- _TO DO_: The word "photo" appears in some lines of the entries. Say how many, and give nothing but the number.

- _INPUT FOR THIS TASK_:
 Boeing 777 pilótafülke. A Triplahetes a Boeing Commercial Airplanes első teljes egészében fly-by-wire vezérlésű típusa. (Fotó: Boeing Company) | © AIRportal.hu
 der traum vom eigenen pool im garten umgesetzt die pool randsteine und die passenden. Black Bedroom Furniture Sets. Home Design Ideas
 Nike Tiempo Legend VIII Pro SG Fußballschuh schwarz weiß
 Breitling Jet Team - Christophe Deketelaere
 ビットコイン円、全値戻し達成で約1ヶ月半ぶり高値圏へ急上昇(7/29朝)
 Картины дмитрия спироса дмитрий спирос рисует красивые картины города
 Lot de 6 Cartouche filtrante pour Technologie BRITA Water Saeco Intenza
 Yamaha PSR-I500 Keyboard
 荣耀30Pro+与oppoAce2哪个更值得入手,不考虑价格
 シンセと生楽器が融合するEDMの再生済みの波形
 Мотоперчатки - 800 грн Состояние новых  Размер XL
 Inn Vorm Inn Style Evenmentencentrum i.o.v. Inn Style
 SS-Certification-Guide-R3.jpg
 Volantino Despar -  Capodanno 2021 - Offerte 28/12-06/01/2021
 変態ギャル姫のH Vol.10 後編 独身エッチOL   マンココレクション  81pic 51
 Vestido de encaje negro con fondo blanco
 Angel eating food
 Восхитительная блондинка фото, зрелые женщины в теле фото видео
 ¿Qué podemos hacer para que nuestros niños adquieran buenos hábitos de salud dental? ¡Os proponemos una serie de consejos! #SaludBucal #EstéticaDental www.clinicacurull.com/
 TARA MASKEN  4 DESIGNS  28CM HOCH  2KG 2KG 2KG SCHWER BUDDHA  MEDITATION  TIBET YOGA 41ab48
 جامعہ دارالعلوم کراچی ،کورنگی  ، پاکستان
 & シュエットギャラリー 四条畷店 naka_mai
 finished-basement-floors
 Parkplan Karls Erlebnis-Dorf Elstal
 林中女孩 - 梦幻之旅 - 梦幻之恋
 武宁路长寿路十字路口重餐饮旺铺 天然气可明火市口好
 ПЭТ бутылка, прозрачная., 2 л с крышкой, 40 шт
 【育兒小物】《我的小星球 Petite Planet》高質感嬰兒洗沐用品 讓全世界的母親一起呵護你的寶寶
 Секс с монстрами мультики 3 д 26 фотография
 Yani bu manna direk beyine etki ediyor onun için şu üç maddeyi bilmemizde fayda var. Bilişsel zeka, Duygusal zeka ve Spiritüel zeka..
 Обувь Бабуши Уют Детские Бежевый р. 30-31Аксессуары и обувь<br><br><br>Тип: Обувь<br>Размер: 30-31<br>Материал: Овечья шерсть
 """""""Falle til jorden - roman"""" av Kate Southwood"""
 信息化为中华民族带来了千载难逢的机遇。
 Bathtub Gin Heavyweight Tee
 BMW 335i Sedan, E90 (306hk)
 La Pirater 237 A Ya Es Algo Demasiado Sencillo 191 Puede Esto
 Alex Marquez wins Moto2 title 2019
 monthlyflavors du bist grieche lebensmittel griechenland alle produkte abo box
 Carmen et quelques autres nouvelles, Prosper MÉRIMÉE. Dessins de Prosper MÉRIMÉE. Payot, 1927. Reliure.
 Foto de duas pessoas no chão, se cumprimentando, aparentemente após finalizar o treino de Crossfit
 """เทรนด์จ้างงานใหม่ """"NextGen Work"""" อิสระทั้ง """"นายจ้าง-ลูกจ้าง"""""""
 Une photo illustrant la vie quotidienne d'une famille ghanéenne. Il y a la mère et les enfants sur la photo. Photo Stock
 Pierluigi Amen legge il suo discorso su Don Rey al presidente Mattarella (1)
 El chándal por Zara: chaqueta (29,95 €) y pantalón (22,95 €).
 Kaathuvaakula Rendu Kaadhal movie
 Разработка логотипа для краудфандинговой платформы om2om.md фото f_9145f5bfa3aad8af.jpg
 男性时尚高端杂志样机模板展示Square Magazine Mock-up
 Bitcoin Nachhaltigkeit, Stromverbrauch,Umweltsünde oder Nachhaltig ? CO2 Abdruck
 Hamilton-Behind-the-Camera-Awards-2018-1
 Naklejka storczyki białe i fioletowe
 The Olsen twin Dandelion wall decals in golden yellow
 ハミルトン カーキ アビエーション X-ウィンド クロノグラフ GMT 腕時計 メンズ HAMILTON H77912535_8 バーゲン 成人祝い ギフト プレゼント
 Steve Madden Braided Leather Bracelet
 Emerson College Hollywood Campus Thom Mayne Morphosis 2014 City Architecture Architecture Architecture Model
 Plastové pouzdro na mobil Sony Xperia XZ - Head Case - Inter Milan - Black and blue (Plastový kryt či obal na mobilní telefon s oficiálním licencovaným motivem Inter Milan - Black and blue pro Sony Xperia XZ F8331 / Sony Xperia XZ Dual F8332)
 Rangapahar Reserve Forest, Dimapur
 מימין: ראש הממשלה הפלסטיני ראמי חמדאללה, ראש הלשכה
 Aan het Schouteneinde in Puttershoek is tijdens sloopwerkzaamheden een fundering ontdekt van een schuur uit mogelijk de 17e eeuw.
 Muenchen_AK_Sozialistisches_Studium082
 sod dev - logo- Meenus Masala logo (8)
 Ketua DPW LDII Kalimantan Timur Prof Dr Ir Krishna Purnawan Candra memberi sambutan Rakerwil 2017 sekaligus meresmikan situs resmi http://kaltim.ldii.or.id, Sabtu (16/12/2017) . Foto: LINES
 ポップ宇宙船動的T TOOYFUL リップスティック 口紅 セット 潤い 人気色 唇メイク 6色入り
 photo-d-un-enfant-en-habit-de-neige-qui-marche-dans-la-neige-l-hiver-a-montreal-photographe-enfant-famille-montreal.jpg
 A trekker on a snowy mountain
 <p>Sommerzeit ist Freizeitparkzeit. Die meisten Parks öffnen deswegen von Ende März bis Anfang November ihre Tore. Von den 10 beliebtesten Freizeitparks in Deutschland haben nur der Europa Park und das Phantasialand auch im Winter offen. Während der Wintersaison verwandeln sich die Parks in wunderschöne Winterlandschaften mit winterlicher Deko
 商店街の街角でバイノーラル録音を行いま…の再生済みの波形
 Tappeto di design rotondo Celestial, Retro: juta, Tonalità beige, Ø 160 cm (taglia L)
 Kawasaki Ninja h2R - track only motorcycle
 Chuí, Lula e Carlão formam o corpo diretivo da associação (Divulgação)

- _TASK SOLUTION_: 2